# Malaysian cubers



## Melvintnh327 (Aug 23, 2021)

Hello! This thread is for Malaysian cubers. I decided to create it since I did not find one.


----------



## Megaminx lover (Aug 23, 2021)

I'm from a country near malaysia, and my mother is malaysian


----------



## Neatcubing (Aug 23, 2021)

Im Malaysian soooooo
What is this thread really for anyway?
Is it just to gather all of us in this one thread?


----------



## Melvintnh327 (Aug 23, 2021)

Neatcubing said:


> Im Malaysian soooooo
> What is this thread really for anyway?
> Is it just to gather all of us in this one thread?


I just saw the "Aussie cubers" thread so I decided to make this.


----------



## Neatcubing (Aug 23, 2021)

Ok then


----------



## Melvintnh327 (Aug 31, 2021)

Happy national day for Malaysians!


----------



## Neatcubing (Aug 31, 2021)

Melvintnh327 said:


> Happy national day for Malaysians!


Selamat Hari Kemerdekaan kepada semua Malaysians!



Spoiler



(I actually almost forgot today was national day......oof)


----------



## Neatcubing (Sep 7, 2021)

Huh.It seems that the NR average is 7.11,set by Tee Kai Yang, placing Malaysia at #23.


----------



## hellocubers (Sep 8, 2021)

I'm near Malaysia. Am I allowed?


----------



## hellocubers (Sep 9, 2021)

Hello?


----------



## Neatcubing (Sep 9, 2021)

I don't know.
Ask @Melvintnh327 
He created the thread.


----------



## Melvintnh327 (Sep 9, 2021)

hellocubers said:


> I'm near Malaysia. Am I allowed?


uhhh maybe
I'm too busy on my homework sometimes...


----------



## EarthyCubing (Sep 10, 2021)

I didnt want to reveal my location but I am from Malaysia


----------



## CubeRed (Sep 10, 2021)

There are surprisingly many cubers in Malaysia... I wish Korea was more open to cubing then it is. 
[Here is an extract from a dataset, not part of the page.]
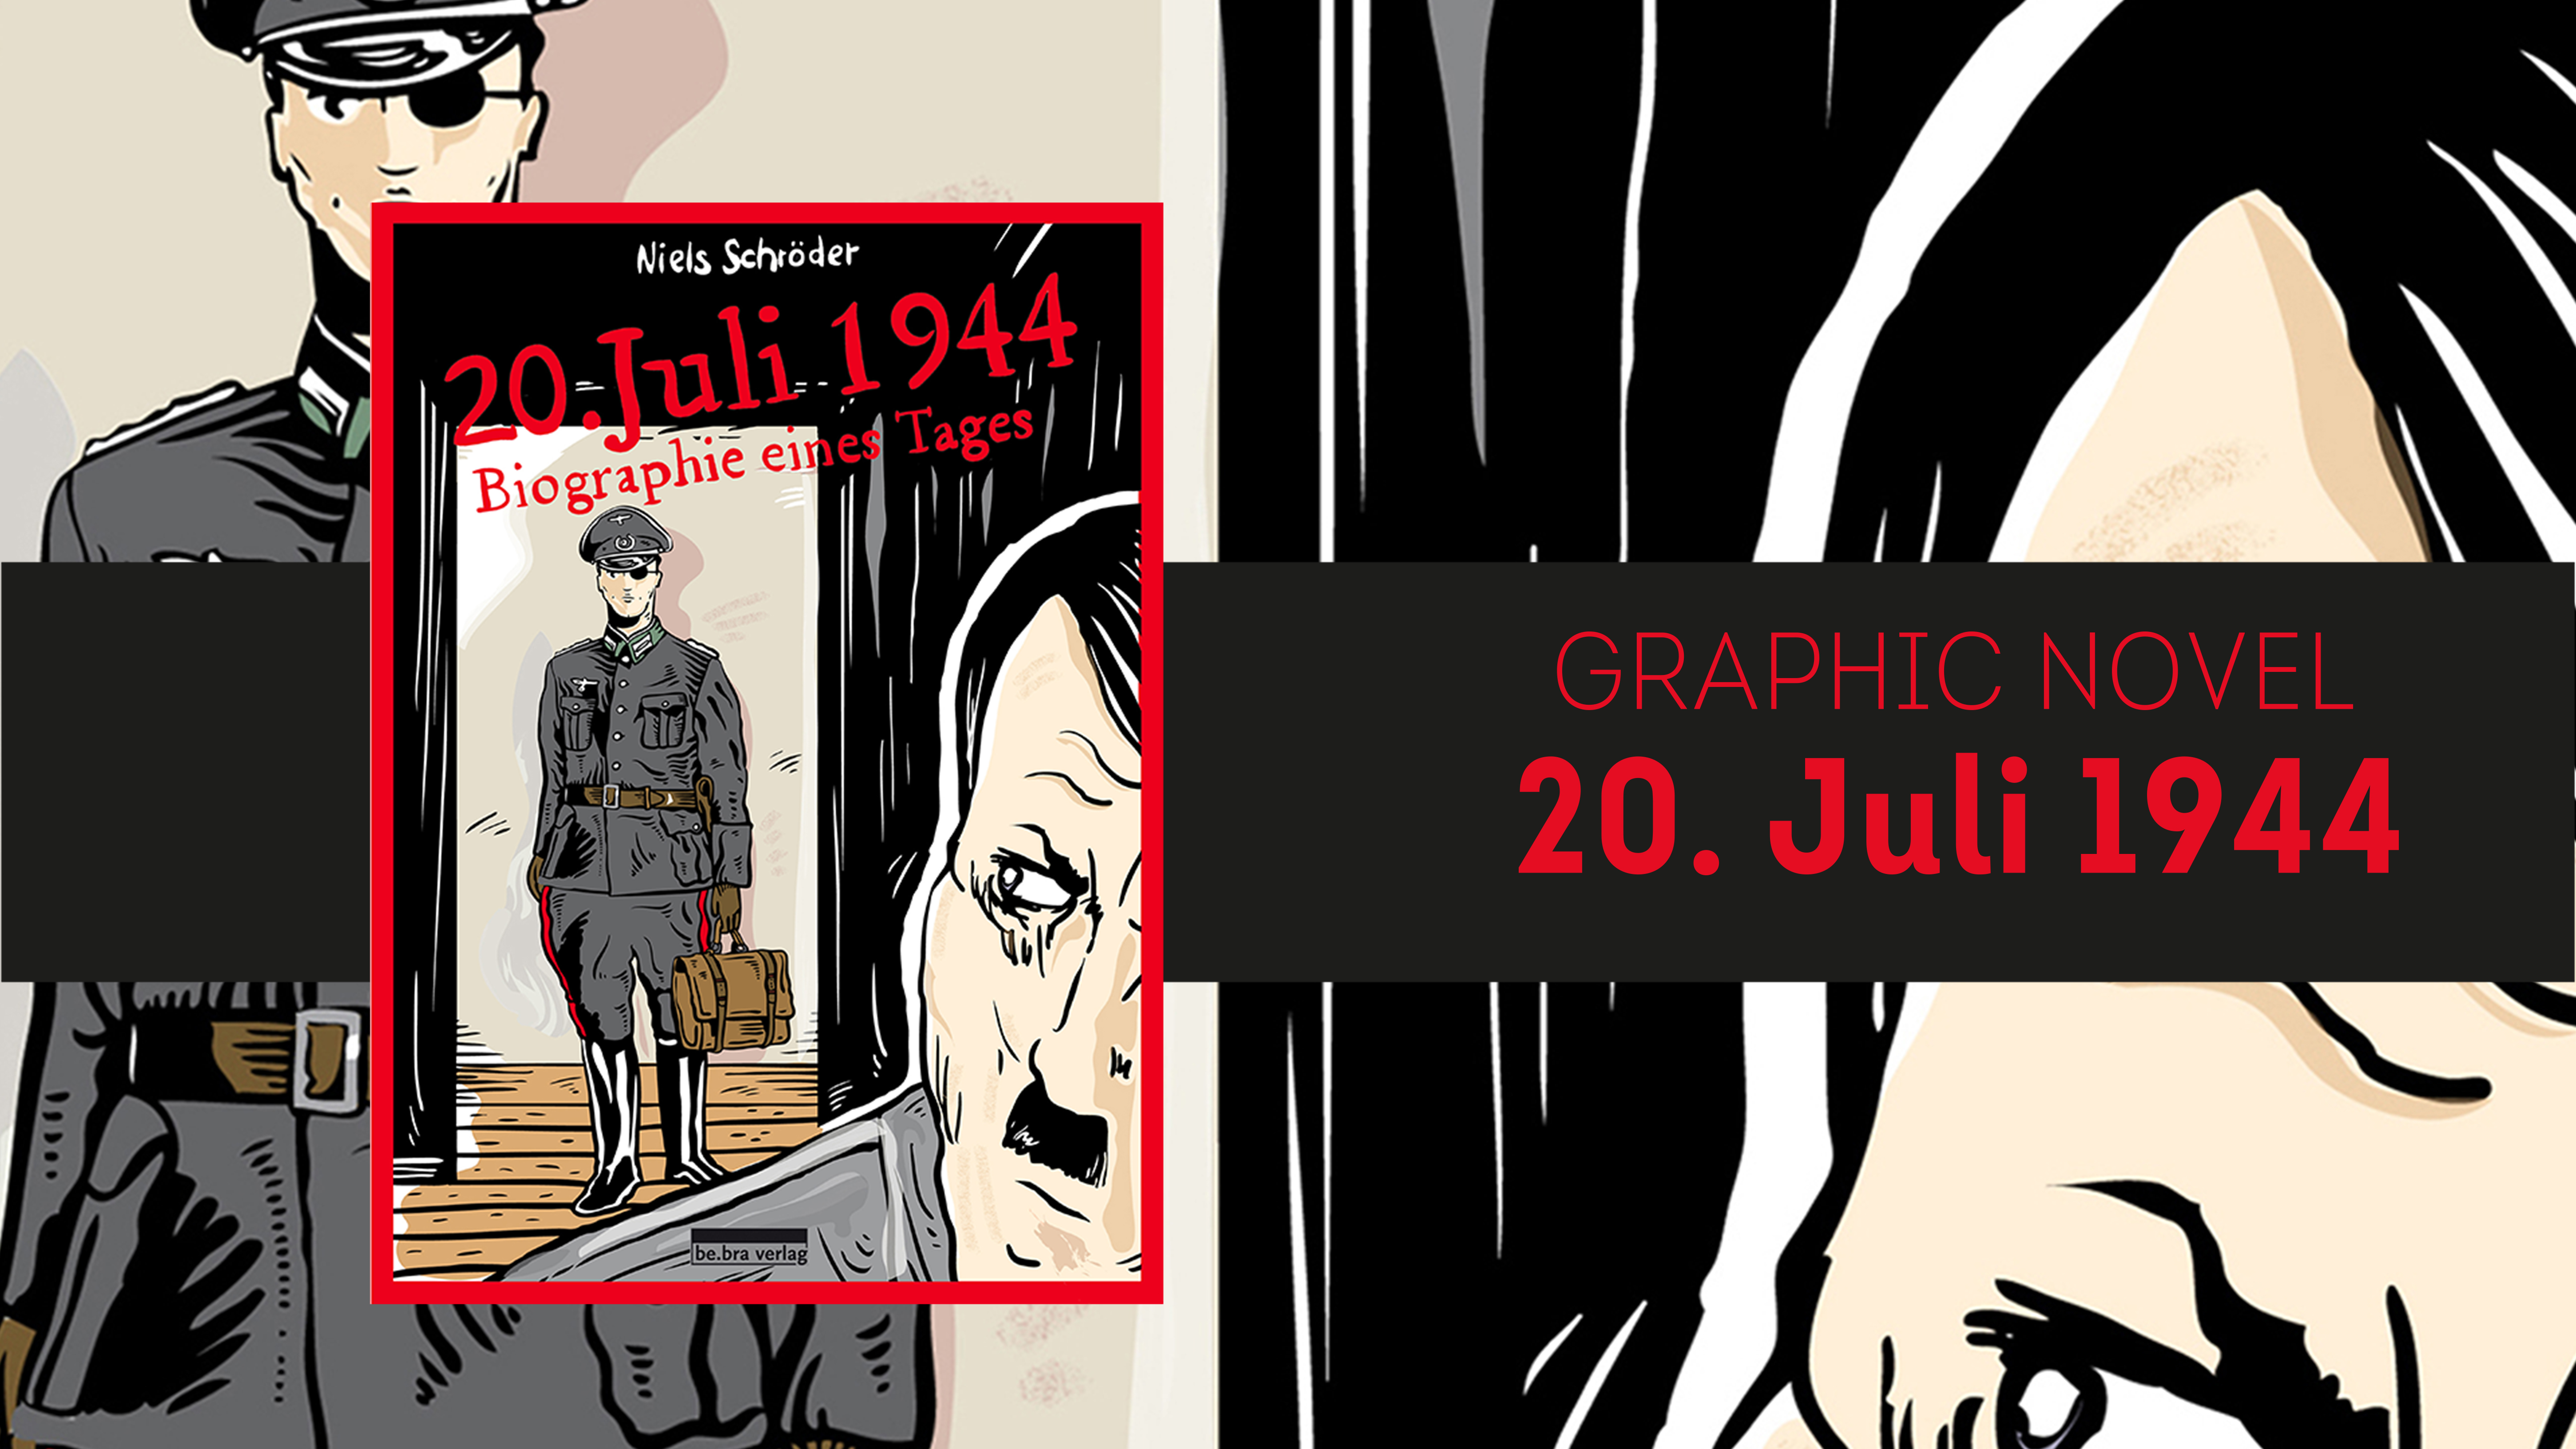 Coverbild der Graphic Novel "20. Juli 1944"

EDIT: Thanks for the sympathy


----------



## Neatcubing (Sep 16, 2021)

Today is Malaysia Day!


Spoiler



(I didn't forget it like last time...)


----------



## Melvintnh327 (Sep 16, 2021)

Happy Malaysia Day! 



Spoiler: Uh oh



I remembered it but I forgot this thread exists...oof


----------